Different goals, different results.
InnoDB handles concurrency like it expects humans to make bad choices
InnoDB uses row-level locking (and MVCC) for many workloads, allowing concurrent writers to proceed without blocking
each other as often. SQLite’s write lock is coarser. WAL helps reads coexist with writes, but not multiple writers in the
way an OLTP server engine does.
Buffer pool vs OS cache: similar idea, different control
SQLite leans heavily on the OS page cache. MariaDB has the InnoDB buffer pool, a managed cache with internal heuristics
and visibility. You can size it, monitor hit rates, and reason about it.
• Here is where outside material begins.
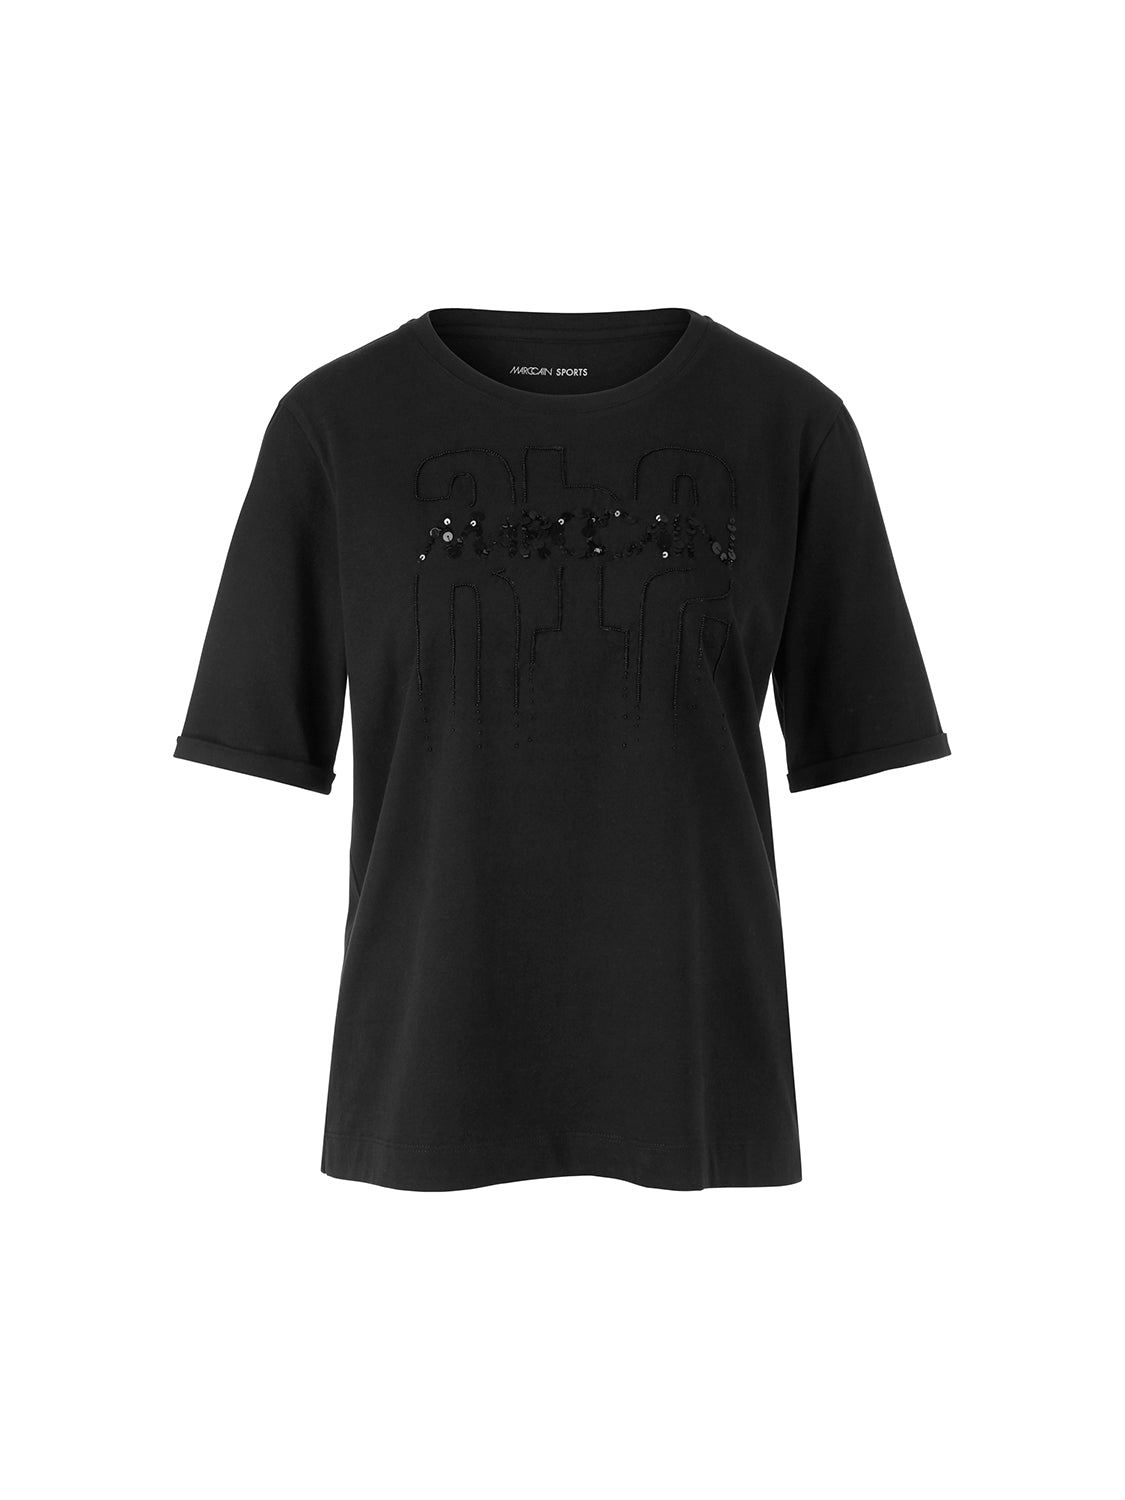 MarcCain T-shirt with Appliqué VS 48.08 J69
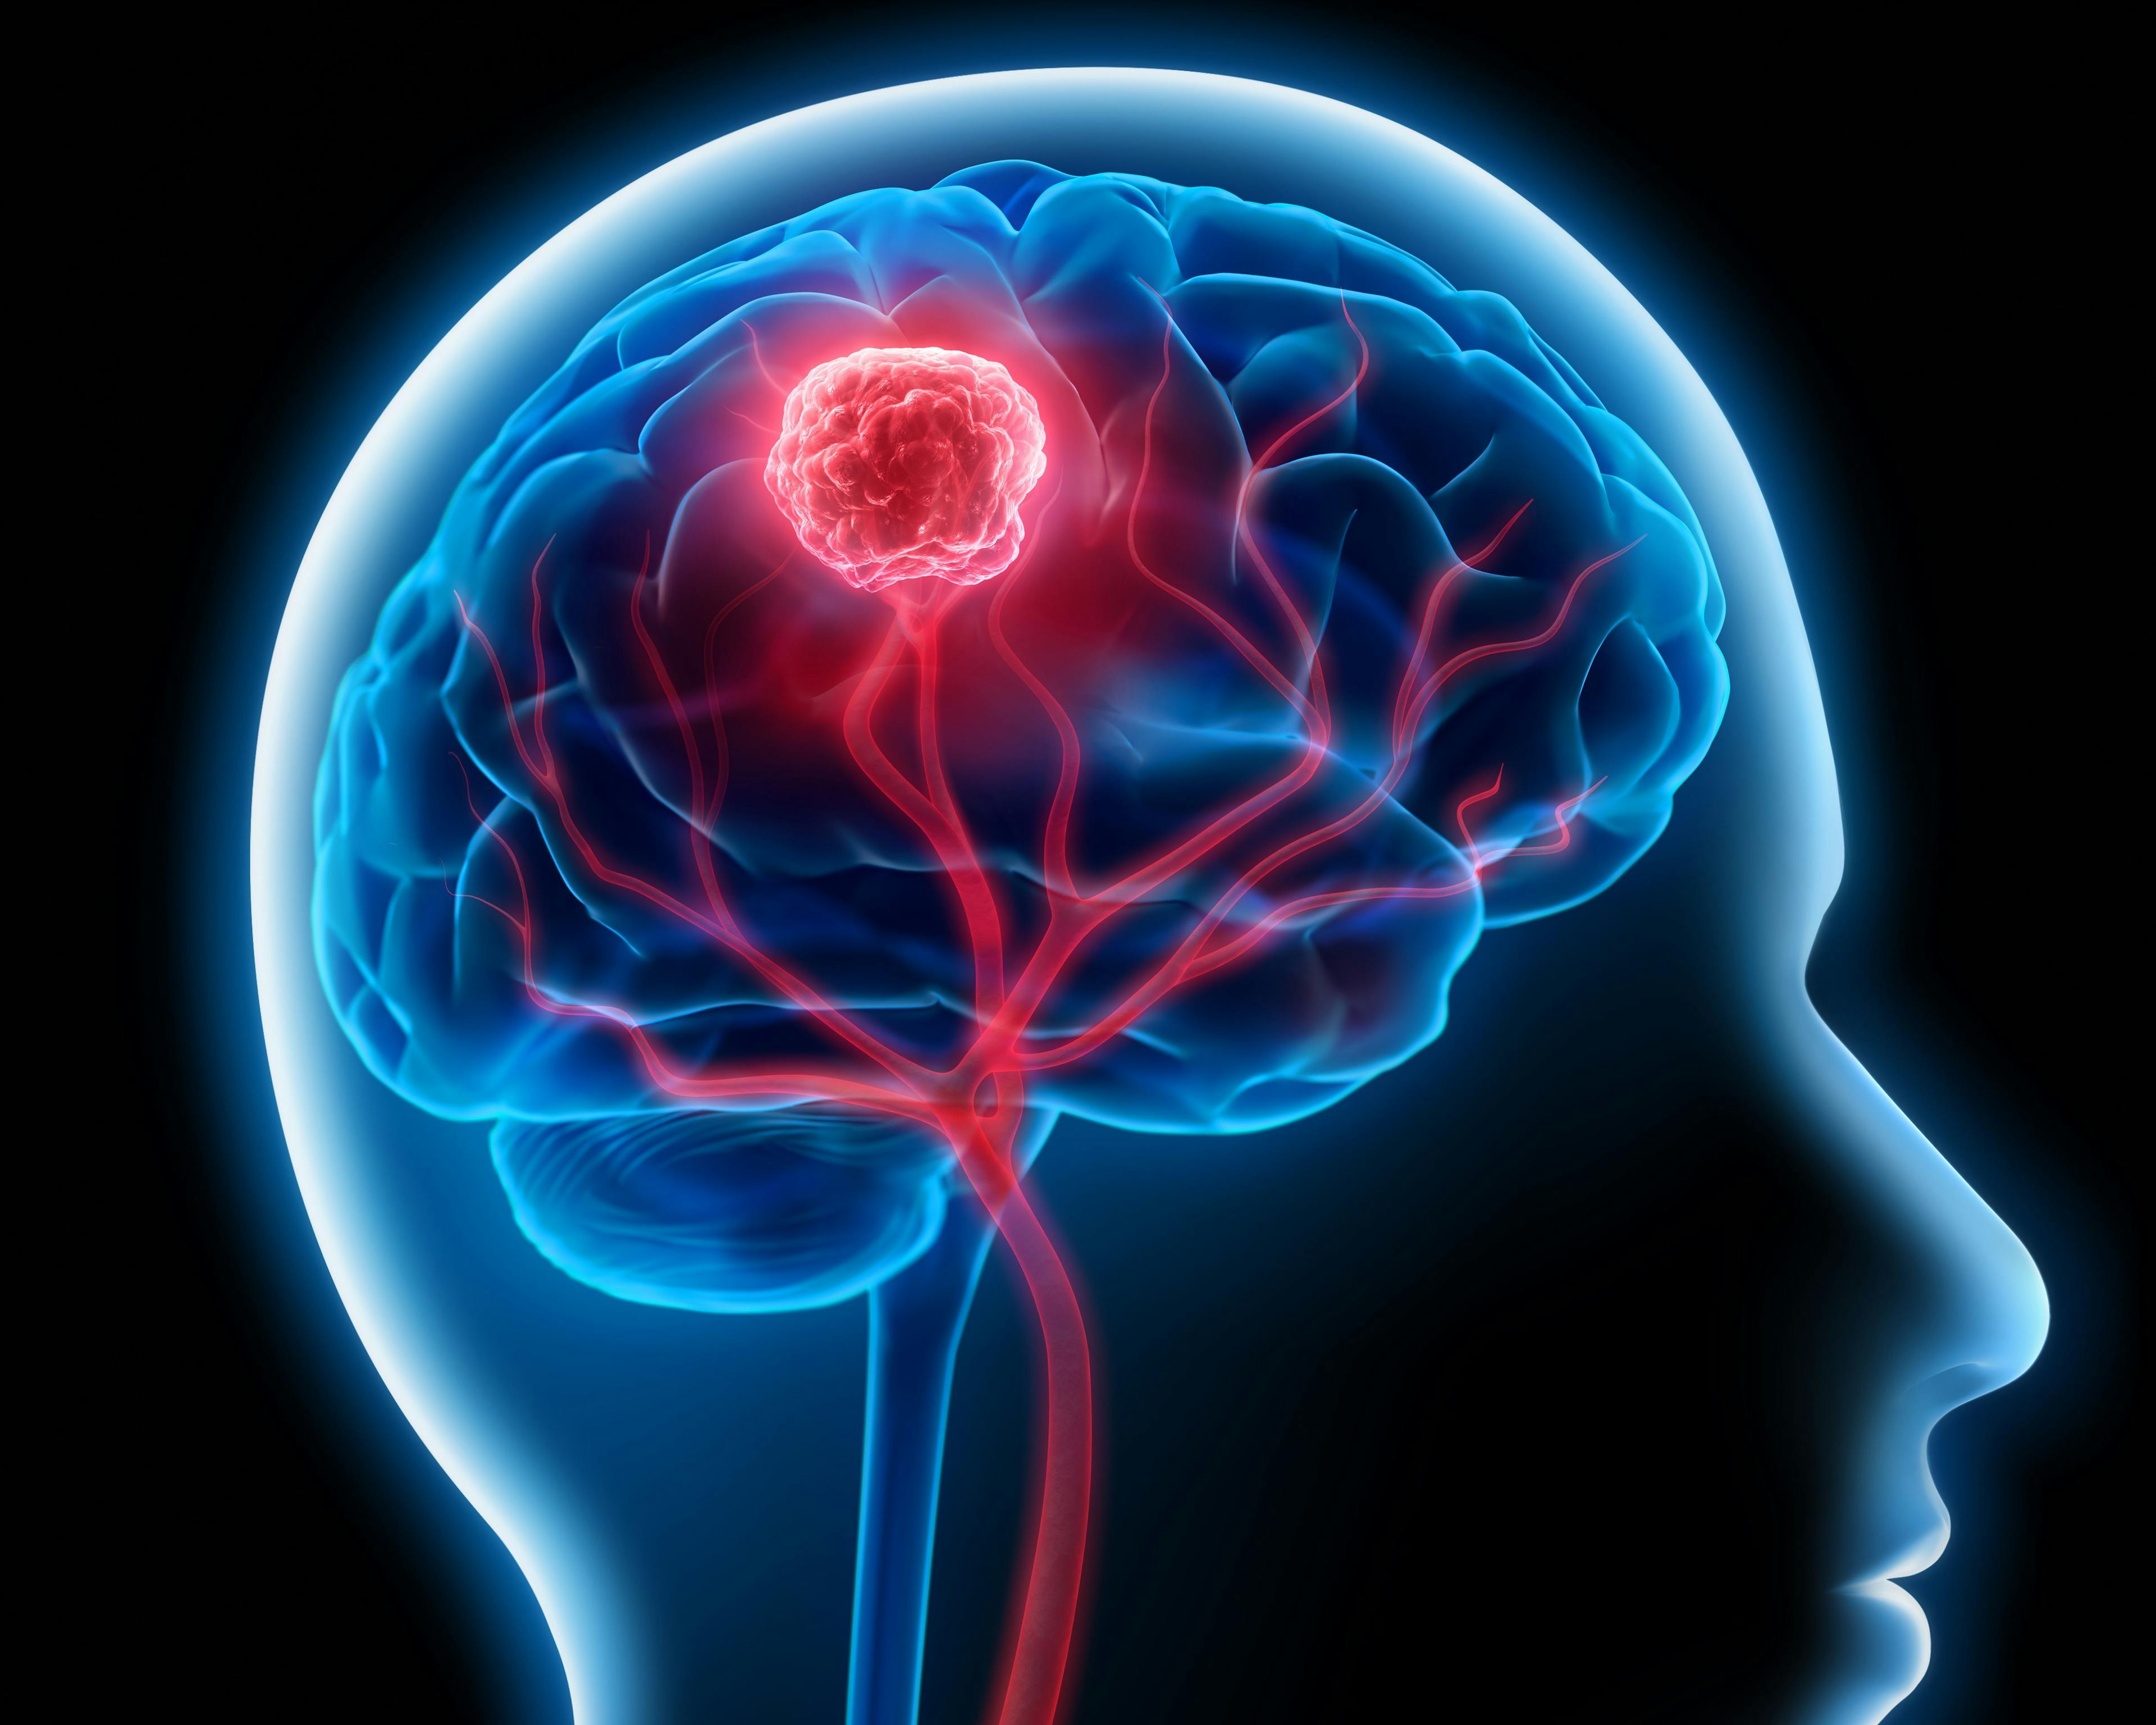 3D illustration of tumor in brain: © peterschreiber.media - stock.adobe.com

The OS cache is still good, but in production you want the database to behave consistently even when the kernel decides
it prefers caching something else (like your log files during a burst of error spam).
Log-structured durability and group commit
InnoDB turns random writes into more sequential-ish log writes, flushes strategically, and groups commits across sessions.
That matters on real disks and cloud volumes where IOPS and latency are billed realities, not theoretical numbers.
Operational features that affect performance indirectly
- Connection handling: pooling, thread cache, max connections. SQLite doesn’t have connections in the same way, but your app’s process model becomes the bottleneck.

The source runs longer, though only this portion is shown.